We start with defining a Python representation of the C structure:

In [3]:
import ctypes

class IntStruct(ctypes.Structure):
    _fields_ = [("ob_refcnt", ctypes.c_long),
                ("ob_type", ctypes.c_void_p),
                ("ob_size", ctypes.c_ulong),
                ("ob_digit", ctypes.c_long)]
    
    def __repr__(self):
        return ("IntStruct(ob_digit={self.ob_digit}, "
                "refcount={self.ob_refcnt})").format(self=self)

Now let's look at the internal representation for some number, say 42. We'll use the fact that in CPython, the id function gives the memory location of the object:

In [4]:
num = 42
IntStruct.from_address(id(42))
Out[4]:
IntStruct(ob_digit=42, refcount=35)

The ob_digit attribute points to the correct location in memory!

But what about refcount?
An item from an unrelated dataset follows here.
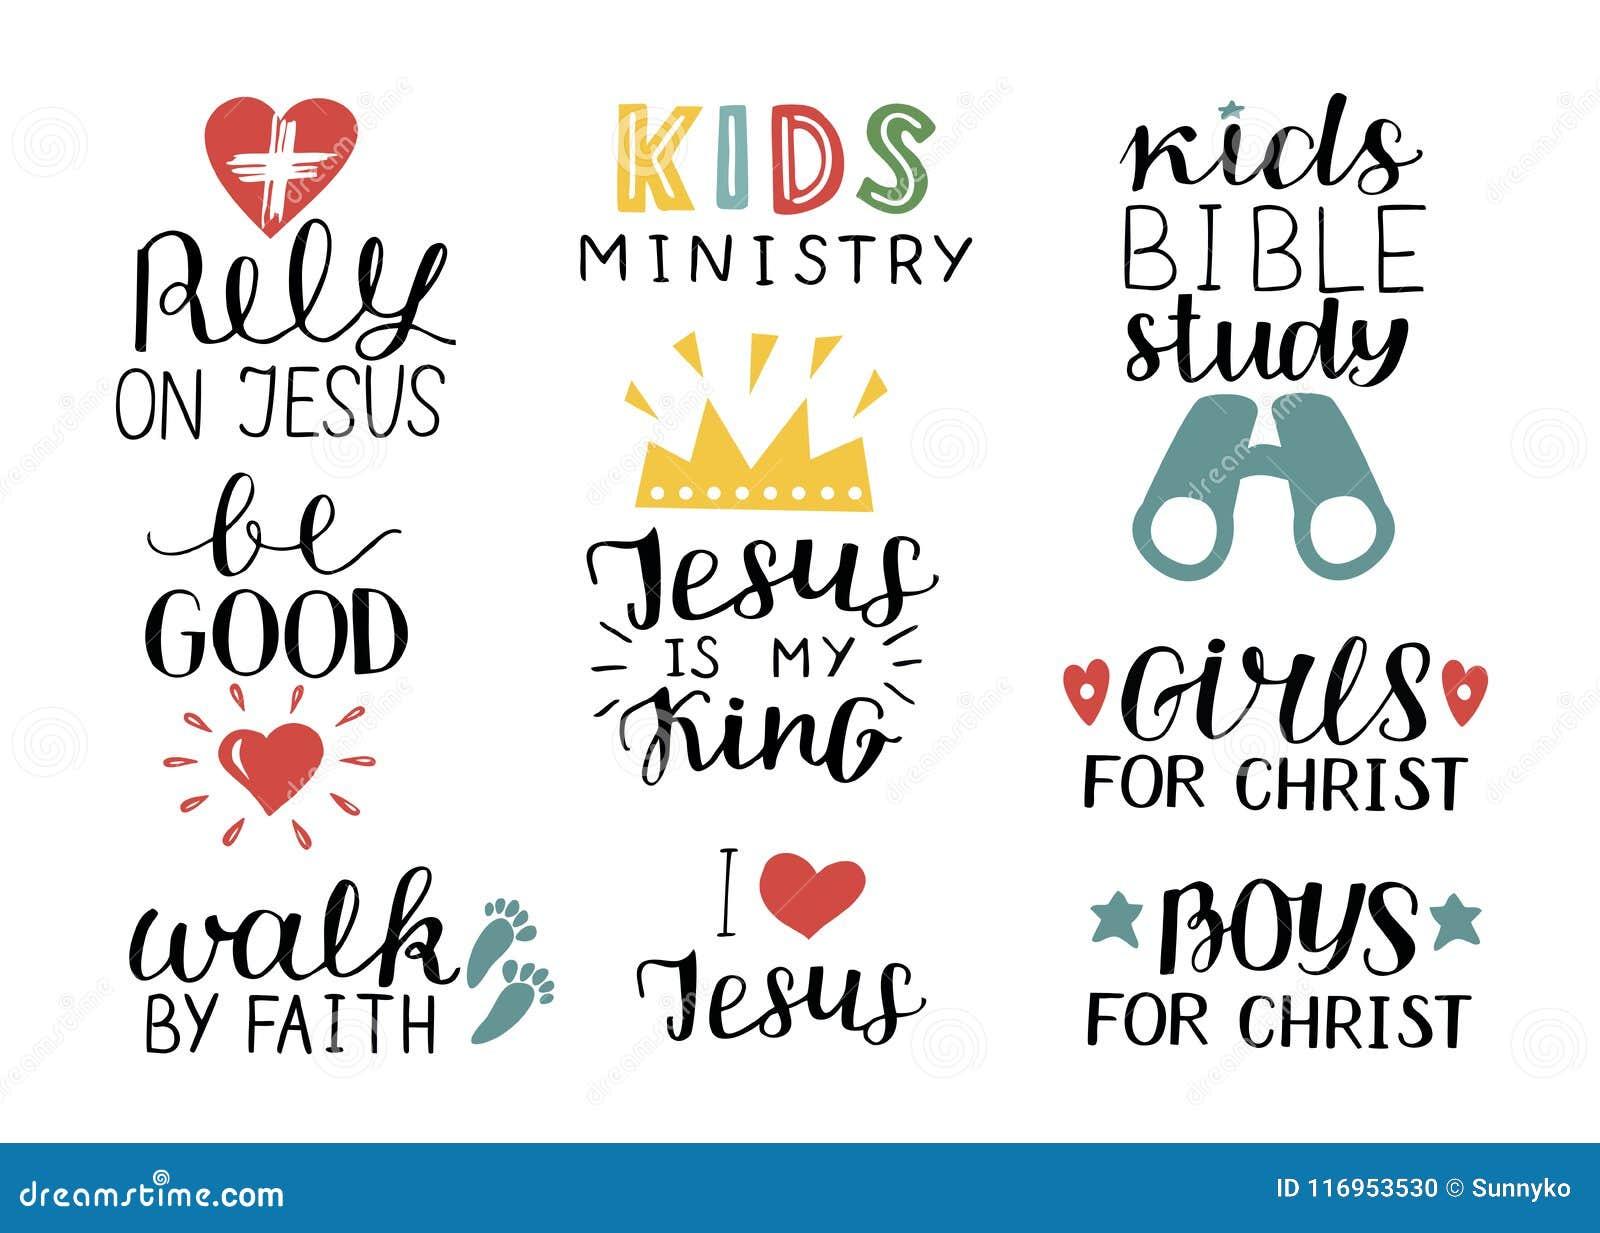 O grupo de 9 citações cristãs Jesus da rotulação da mão é meu rei, confia, estudo da Bíblia das crianças, seja bom, meninas, meni

We've only created a single value: why is the reference count so much greater than one?

Well it turns out that Python uses small integers a lot. If a new PyObject were created for each of these integers, it would take a lot of memory. Because of this, Python implements common integer values as singletons: that is, only one copy of these numbers exist in memory. In other words, every time you create a new Python integer in this range, you're simply creating a reference to the singleton with that value:

In [5]:
x = 42
y = 42
id(x) == id(y)
Out[5]:
True

Both variables are simply pointers to the same memory address. When you get to much bigger integers (larger than 255 in Python 3.4), this is no longer true:

In [6]:
x = 1234
y = 1234
id(x) == id(y)
Out[6]:
False

Just starting up the Python interpreter will create a lot of integer objects; it can be interesting to take a look at how many references there are to each:

In [7]:
%matplotlib inline
import matplotlib.pyplot as plt
import sys
plt.loglog(range(1000), [sys.getrefcount(i) for i in range(1000)])
plt.xlabel('integer value')
plt.ylabel('reference count')
Out[7]:
<matplotlib.text.Text at 0x106866ac8>

We see that zero is referenced several thousand times, and as you may expect, the frequency of references generally decreases as the value of the integer increases.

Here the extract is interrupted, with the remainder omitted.